Those supporting unbundling of Unima argue that it would strengthen decentralisation and improve administration, accountability and transparency of the colleges, hence creating room for expansion and conducive environment for teaching and learning, outreach, research and consultancy the colleges-cum-universities would undertake.
Decentralisation per se in Malawi is neither new nor bad.

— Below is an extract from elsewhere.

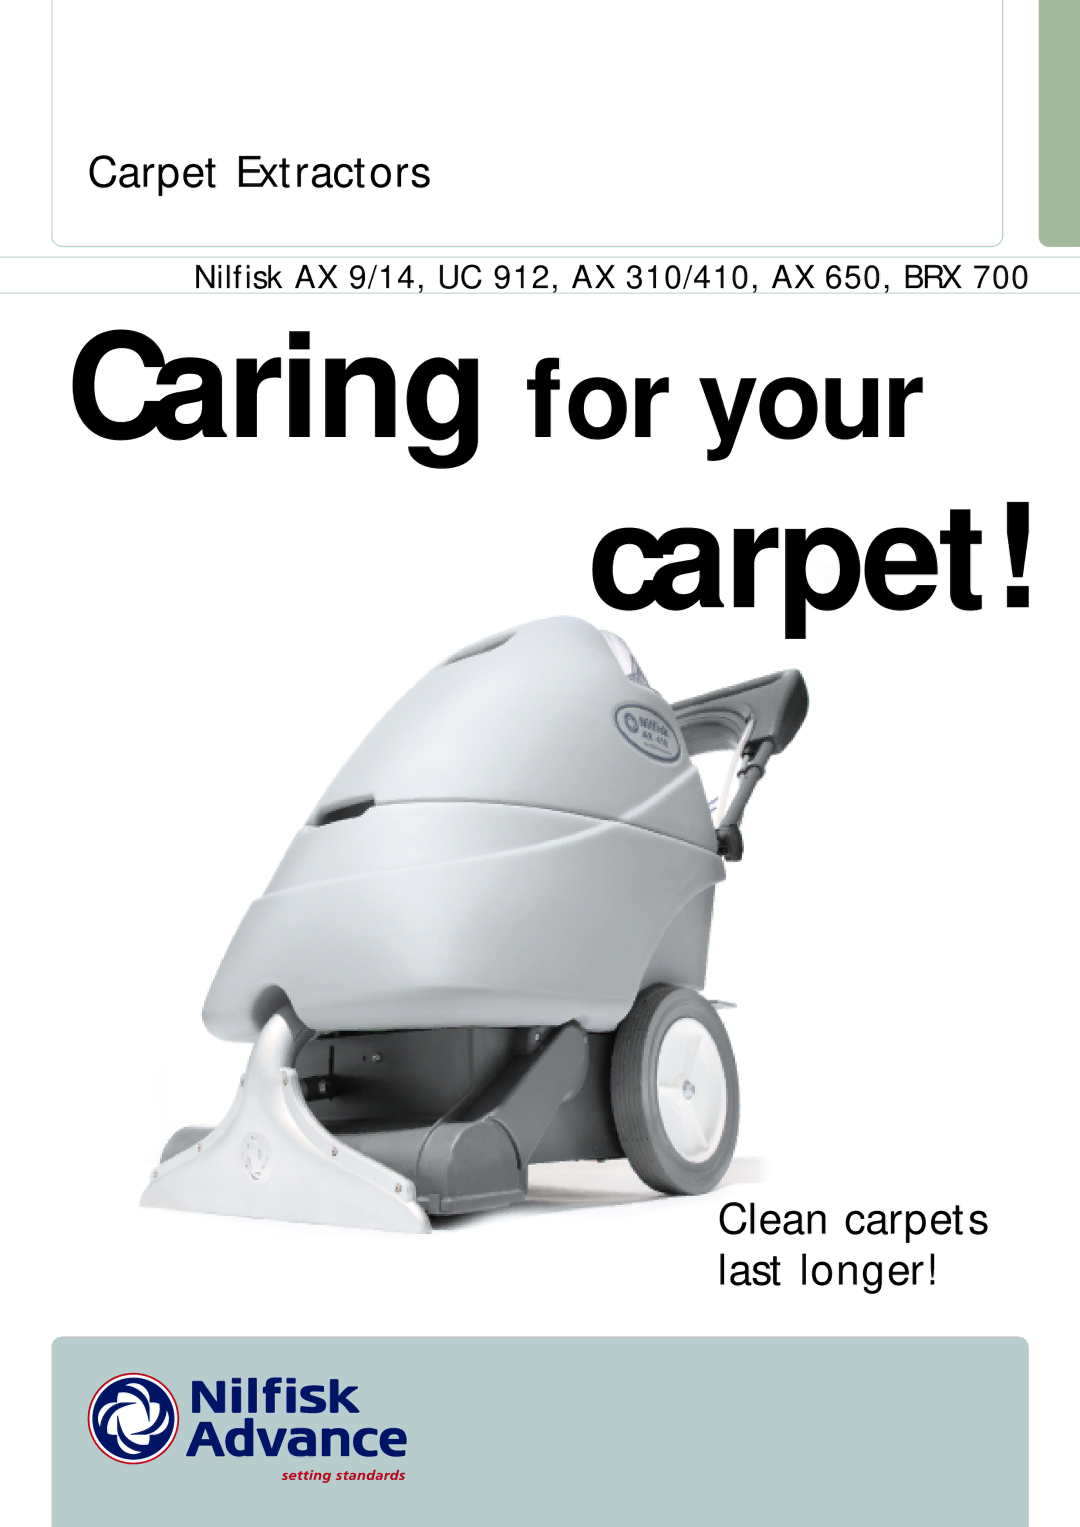 Nilfisk-ALTO AX 410, AX 310 manual Carpet Extractors, Clean carpets last longer

But precedents in the country have shown that not a single one has worked to the advantage of the country.
Unbundling fanatics need to recollect that by 2002, government had sold 42 of its companies through the false former president Bakili Muluzi and Matthews Chikaonda-orchestrated privatisation model in their bid to reform and transform the country’s economy.
Government, under such a pseudo transformative tool, realised a meagre K1.67 billion, which ended up being used for the running of the Privatisation Commission itself.
As a result, the false privatisation model turned Malawi into a predominantly consumer economy as government lost its capacity to generate income for its day-to-day activities.
This is just one example where devolution of power has failed the country. And, mdzukulu, I am yet to learn about one model of decentralisation in Malawi which has yielded results.
Yes, the hall mark of devolution is that it explicitly recognises the territorial sharing of authority.
The erosion of the values of professional integrity and the spirit of hard work that is widespread in Malawi will not take the ‘newly developed’ universities anywhere else as vouched by some quarters including some activists who are too active to make sense of themselves.
Mdzukulu, the country – from across all political regions and ethnic divisions – is infested with businesspeople, civil servants, technocrats, religious leaders, traditional leaders, civil society, academics, media practitioners, scientists, politicians and other species without character.
And we have just unbundled that. Perhaps, envy!